On Mon, Oct 9, 2017 at 9:38 AM, Sean Busbey <[email protected]> wrote:

> Hi folks!
>
> Lately our precommit runs have had a large amount of noise around unit
> test failures due to timeout, especially for the hbase-server module.
>
> I'd really like to get us back to a place where a precommit -1 doesn't
> just result in a reflexive "precommit is unreliable."
>
> When the hbase-server module is going to be run (which would include
> changes to that module and changes to the top-level of the project), I
> can think of a few ways to bring the noise down:
>
> * Do fewer parallel executions. We do 5 tests at once now and the
> hbase-server module takes ~1.5 hours. We could tune down just the
> hbase-server module to do fewer.
>

1.5 hours is already past the threshold where I have to go do something
else while I wait for the tests to finish. Putting this up to 3 hours
wouldn't affect my productivity, I don't think.



That's both good and sad to hear. I think anything that brings the time
down is going to have to involve more hardware.
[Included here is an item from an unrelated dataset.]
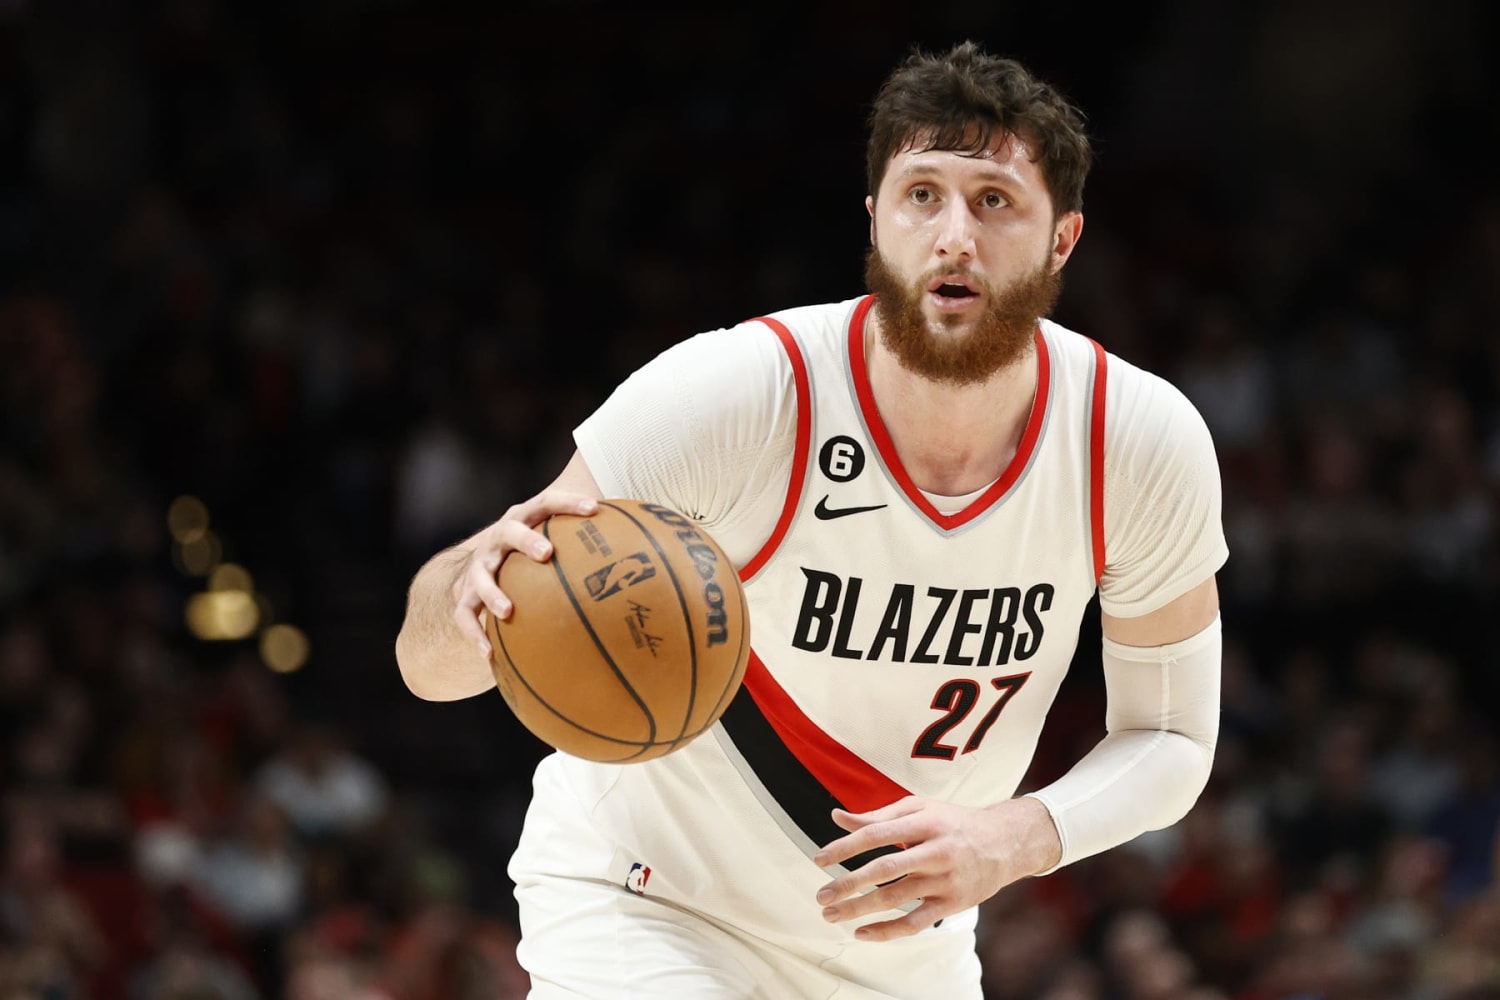 Blazers center Jusuf Nurkic out at least 4 weeks with left foot injury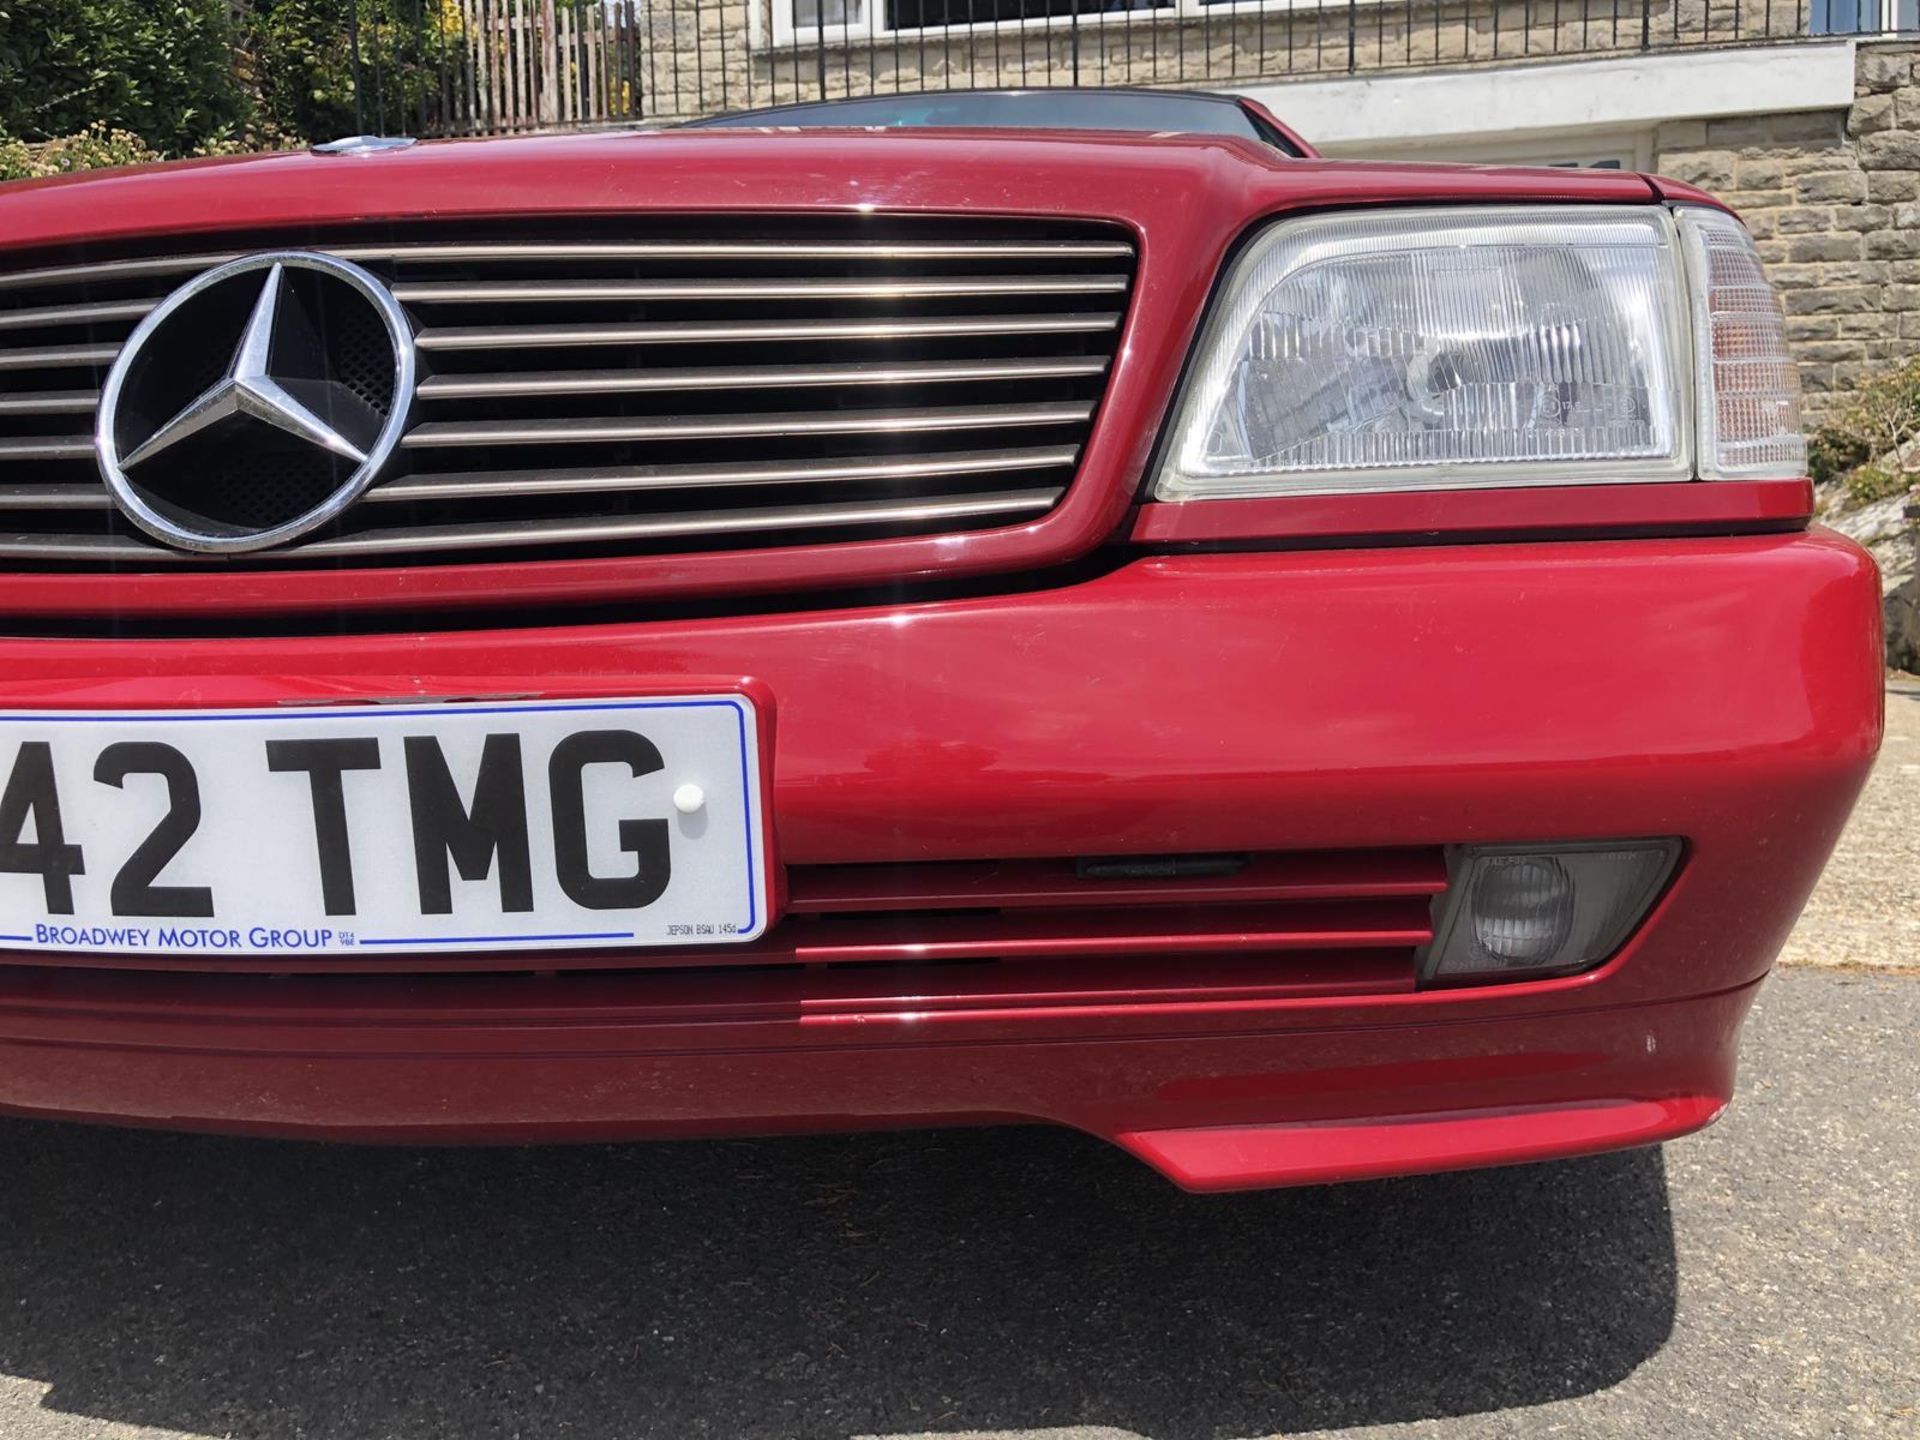 A 1995 Mercedes-Benz 280SL Registration number M642 TMG V5C MOT expires February 2021 Red with a - Image 36 of 106

> * Do more test re-runs. We could have tests that fail retry more. I
> think maybe we allow a single retry currently via surefire. We'd have
> to do it outside of surefire to account for the large number of
> time-out failures.
>

I like the idea of more retries, but I don't like going outside of
surefire. I don't want us maintaining more custom hacks and shims in place
for something that should be temporary - once we get the tests stabilized
we shouldn't need it, right?



I don't think this is true. Even if our current problems aren't just "need
more hardware", historically that's been where we hit bedrock. So long as
we don't have a source of steadily increasing hardware either our test time
or our test stability has to pay the difference.

Unless there are surefire configs for retrying on timeout. If there are
those, then maybe a shorter timeout and more retries get us what we need at
our current amount of parallel test runs.